I would like to see the examples you have, using Lucene.NET from VB ?

Njedeh

--- On Thu, 1/7/10, Granroth, Neal V. <ne...@thermofisher.com> wrote:


From: Granroth, Neal V. <ne...@thermofisher.com>
Subject: RE: Question
To: "lucene-net-dev@lucene.apache.org" <lu...@lucene.apache.org>
Date: Thursday, January 7, 2010, 3:05 PM


IFilter is a Microsoft COM interface implemented by components that extract searchable content from a specific document format (Word, PDF, etc.) Lucene.NET does not use these components directly, they are used by whatever software you construct to populate the Lucene index with searchable content.

There is a lot of information on IFilter on Microsoft's site; and I think their optional use is beyond the scope of the Lucene.NET project.

Would it help if I put together some simple examples of using Lucene.NET from VB ?

- Neal

-----Original Message-----
From: Ed Jones [mailto:Edmund.Jones@warc.com] 
Sent: Thursday, January 07, 2010 1:39 PM
To: lucene-net-dev@lucene.apache.org
Subject: RE: Question

Remember that not everyone uses c#, many people use VB.net and although it's relatively simple to move it over to c#, moving from c# to Java is just one extra step where things can go wrong.

At the time (3 years ago) I offered to spend time trying to make a set of examples such as how to use iFilters (I think that was the term) but nobody was interested so my attention moved elsewhere.

-----Original Message-----
From: Granroth, Neal V. [mailto:neal.granroth@thermofisher.com] 
Sent: 07 January 2010 19:37
To: lucene-net-dev@lucene.apache.org
Subject: RE: Question

I am very surprised by this comment.
There is so much similarity between Java and C# that I found absolutely no difficulty with the discussion and examples in "Lucene in Action" and in directly applying the techniques to my C#/.NET projects.

Maybe it would be helpful for some of those who find the java examples confusing to explain specifically why they are confusing.  Then we might consider putting together some type of short "Guide to understanding Lucene for C# developers" or FAQ on the web site.

- Neal

-----Original Message-----
From: Ed Jones [mailto:Edmund.Jones@warc.com] 
Sent: Thursday, January 07, 2010 3:57 AM
To: lucene-net-dev@lucene.apache.org
Subject: RE: Question

All I can say is that we found the lack of examples for .net problematic as when you are not too up to speed with Java there are a lot of basic hurdlers to overcome.

-----Original Message-----
From: Olivier Spinelli [mailto:olivier.spinelli@invenietis.fr] 
Sent: 07 January 2010 09:55
To: lucene-net-dev@lucene.apache.org
Subject: RE: Question

<quote>
Lucene.Net sticks to the APIs and classes used in the original Java
implementation of Lucene.
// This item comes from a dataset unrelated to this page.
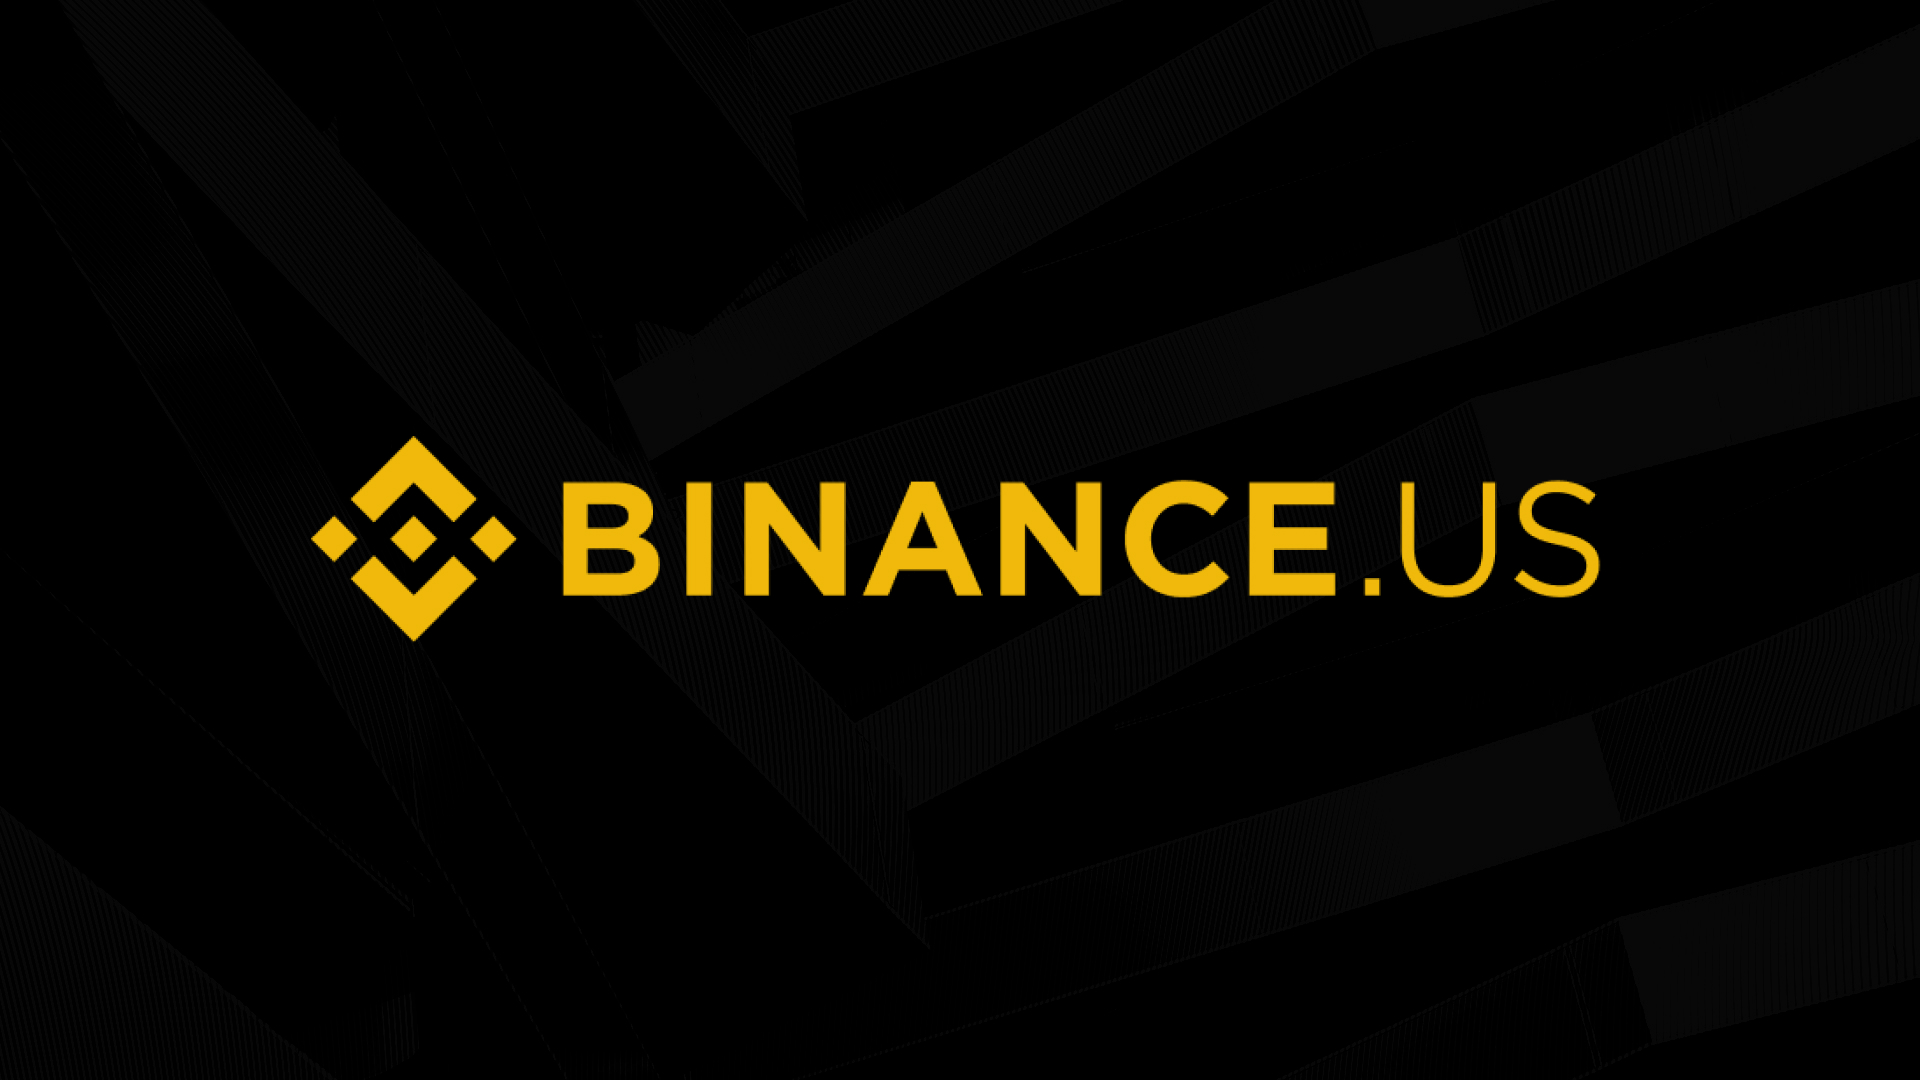 SEC Files Motion to Freeze Assets of Two Binance.US Units

The API names as well as class names are preserved
with the intention of giving Lucene.Net the look and feel of the C# language
and the .NET Framework. For example, the method Hits.length() in the Java
implementation now reads Hits.Length() in the C# port. 
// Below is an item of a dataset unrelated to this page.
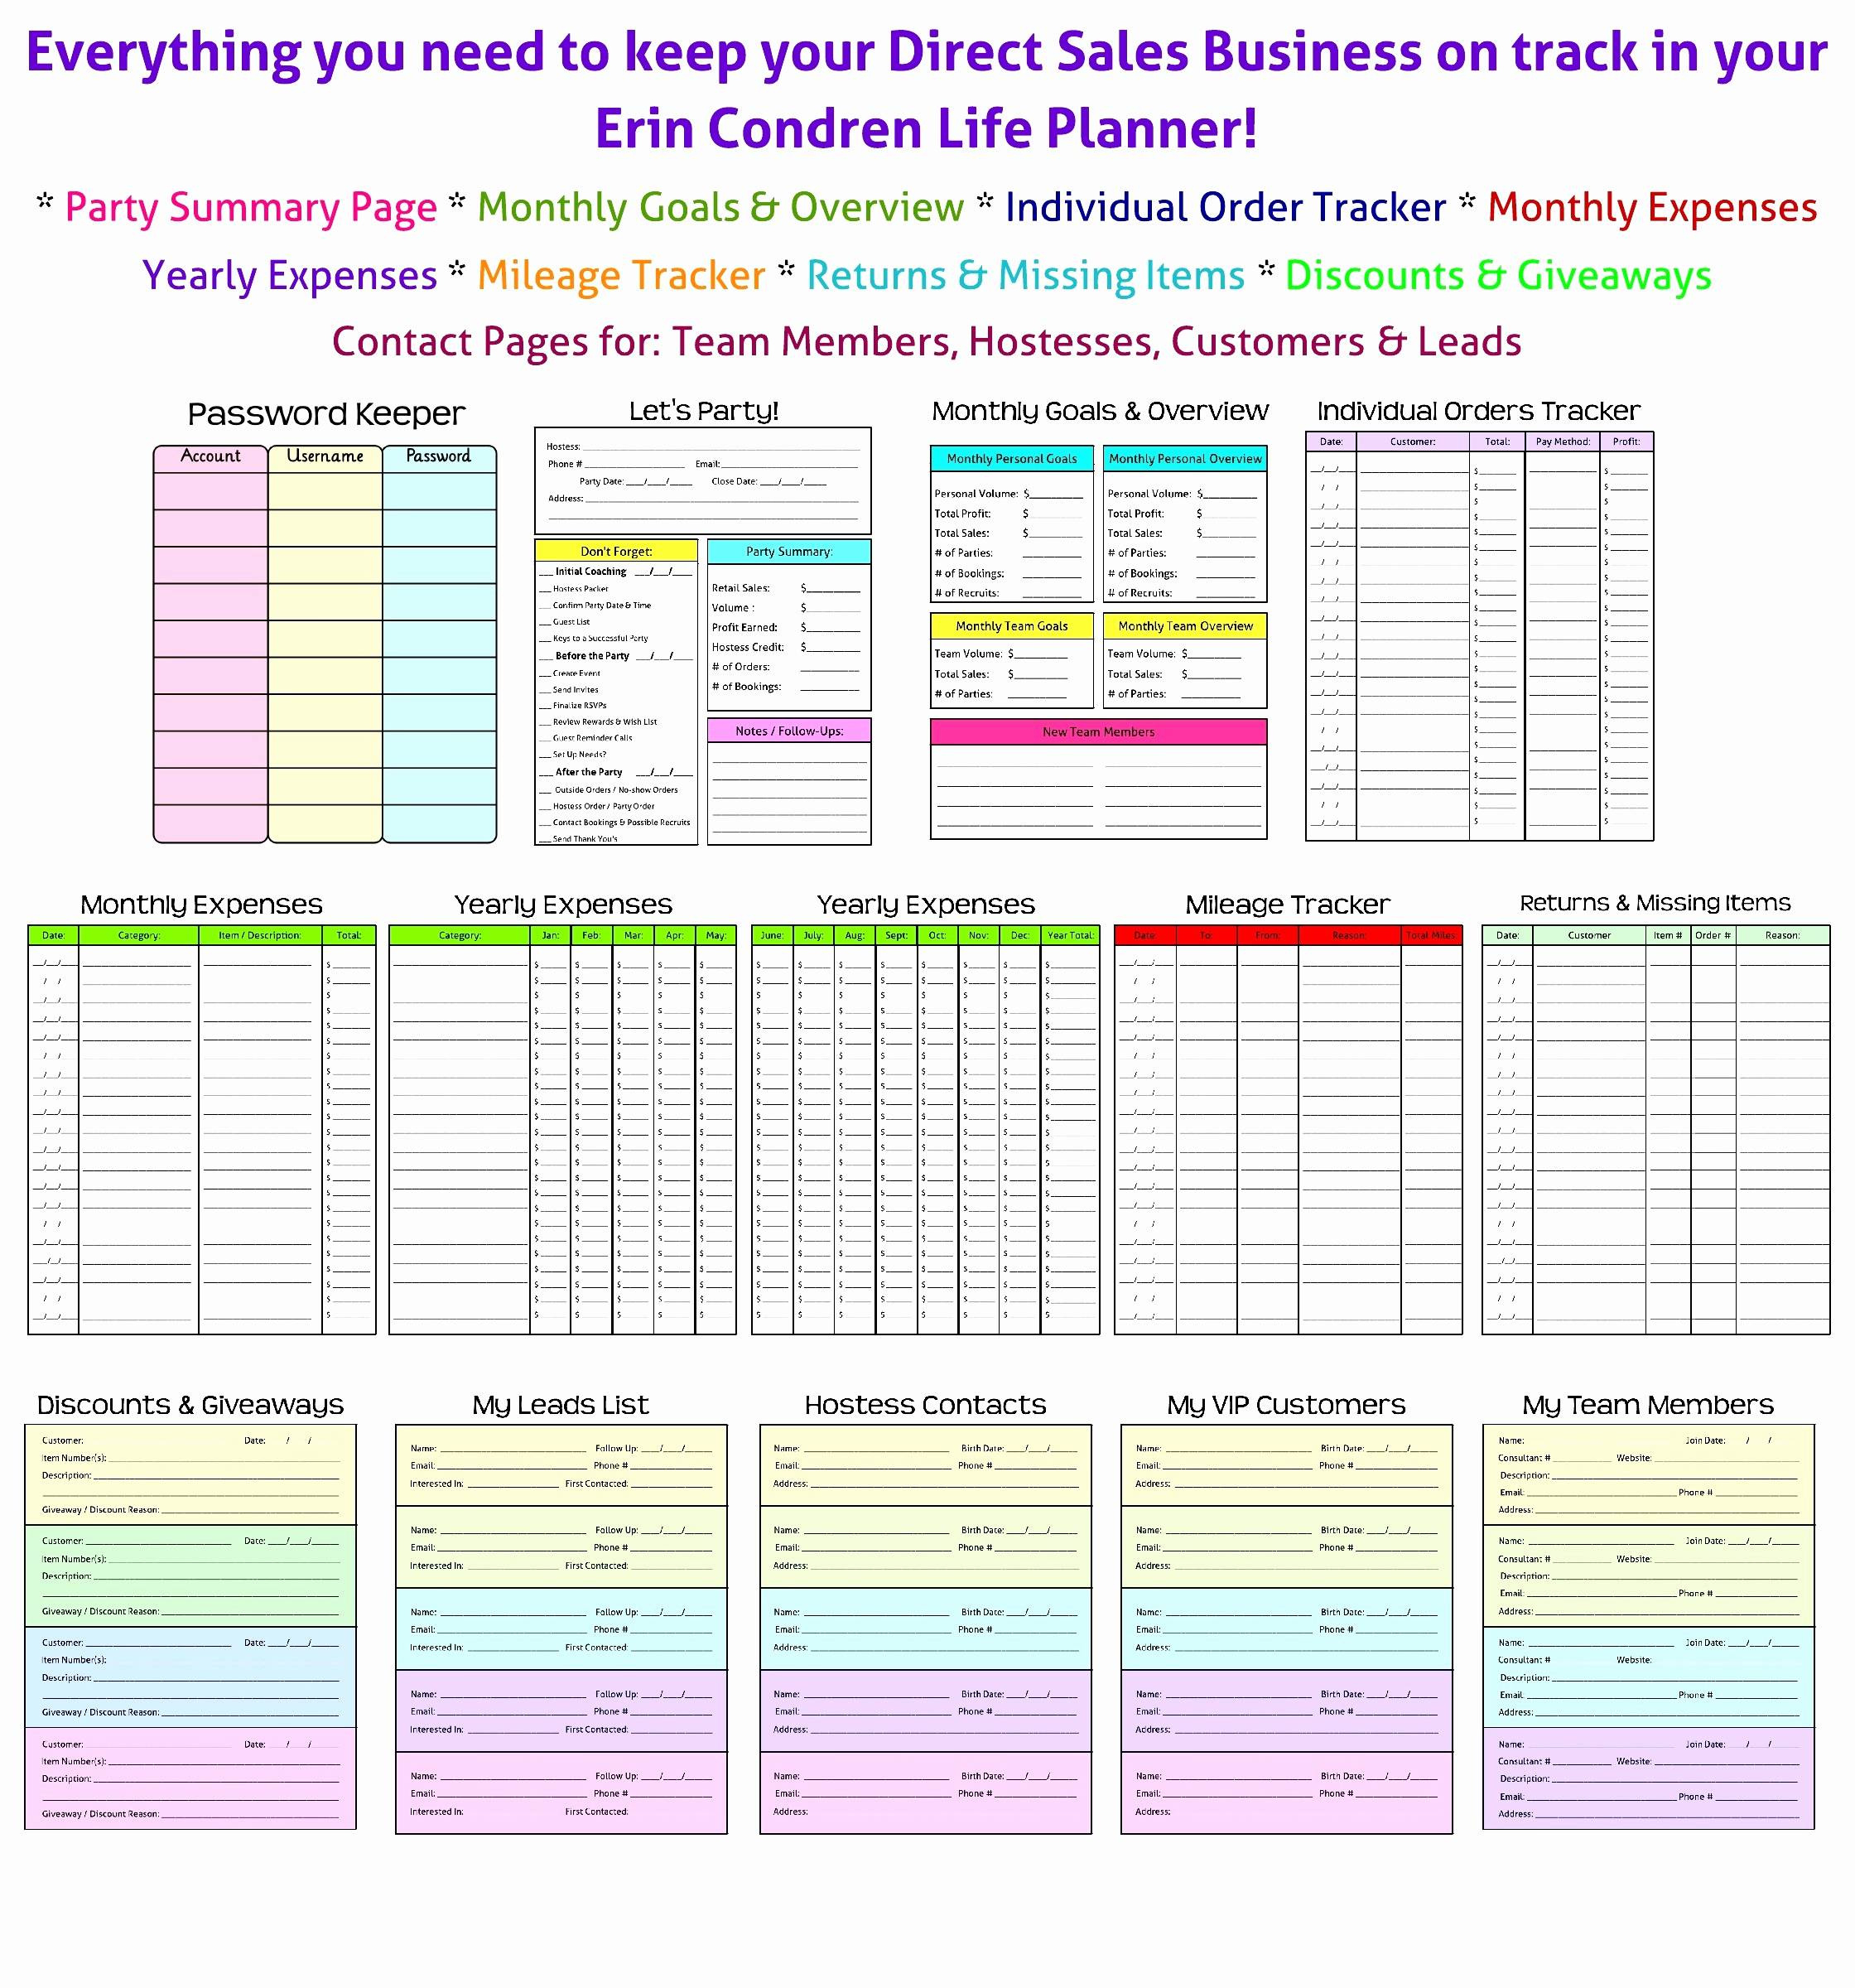 Sales Goal Tracking Spreadsheet Awesome Free Spreadsheets Templates throughout Free Sales Tracking Spreadsheet Template

In addition to the APIs and classes port to C#, the algorithm of Java Lucene
is ported to C# Lucene. This means an index created with Java Lucene is
back-and-forth compatible with the C# Lucene; both at reading, writing and
updating. In fact a Lucene index can be concurrently searched and updated
using Java Lucene and C# Lucene processes. 
</quote>

It's merely all about switching from camelCase to PascalCase...

HTH

Spi


-----Message d'origine-----
De : Ed Jones [mailto:Edmund.Jones@warc.com] 
Envoyé : jeudi 7 janvier 2010 10:27
À : lucene-net-dev@lucene.apache.org
Objet : RE: Question

My problem with Lucene in Action and all the examples on the internet is
that they were all in Java and you have to understand exactly what Java
is doing to understand it all properly. It's for this very reason we had
to shun using Lucene.net in major projects. I wanted dearly to use it
but the learning curve was far too steep and there appears to be very
very few .net examples of code or help.

Instead we have invested a significant amount of money in buying in a
much more commercial search engine.

I am keeping an eye on the Lucene.net project though in-case it can be
used in other parts of our business, but again the same will apply, we
will need more non Java examples.

Ed

-----Original Message-----
From: Roger Chapman [mailto:roger@stormid.com] 
Sent: 07 January 2010 09:21
To: lucene-net-dev@lucene.apache.org
Subject: RE: Question

>From what I can remember the book Lucene in Action has a good section on
indexing documents and PDFs http://www.manning.com/hatcher2/



Roger.





-----Original Message-----
From: Ben Martz [mailto:benmartz@gmail.com]
Sent: 06 January 2010 19:51
To: lucene-net-dev@lucene.apache.org
Cc: <lu...@lucene.apache.org>
Subject: Re: Question



Todd,



I would definitely take Michael's advice to learn more about the

overall issue before you get too far.



A quick answer that may help is Windows does not ship with an iFilter

for PDF built-in. Installing Adobe Reader 8 or higher will install a

decent PDF iFilter.



I am a little surprised by your question though - I assume that you

have access to your own source code and could examine the result from

the iFilter that's being fed to the IndexWriter and compare the

behavior in the TXT case with the behavior in the PDF case?



Cheers,

Ben



Sent from my iPhone



On Jan 6, 2010, at 10:13, Michael Garski <mg...@myspace-inc.com>

wrote:



> Todd,

>

> You'll need some way to extract the text from the PDF prior to

> indexing.  I'm not familiar with any packages that can do that but I

> have heard of them.  You may want to try searching the mailing list

> to see if there has been mention of one previously.  Lucid

> Imagination hosts a great mailing list search tool at
http://www.lucidimagination.com/search/

>

> Michael

>

> -----Original Message-----

> From: Todd McIndoo [mailto:tmcindoo@speedyscan.biz]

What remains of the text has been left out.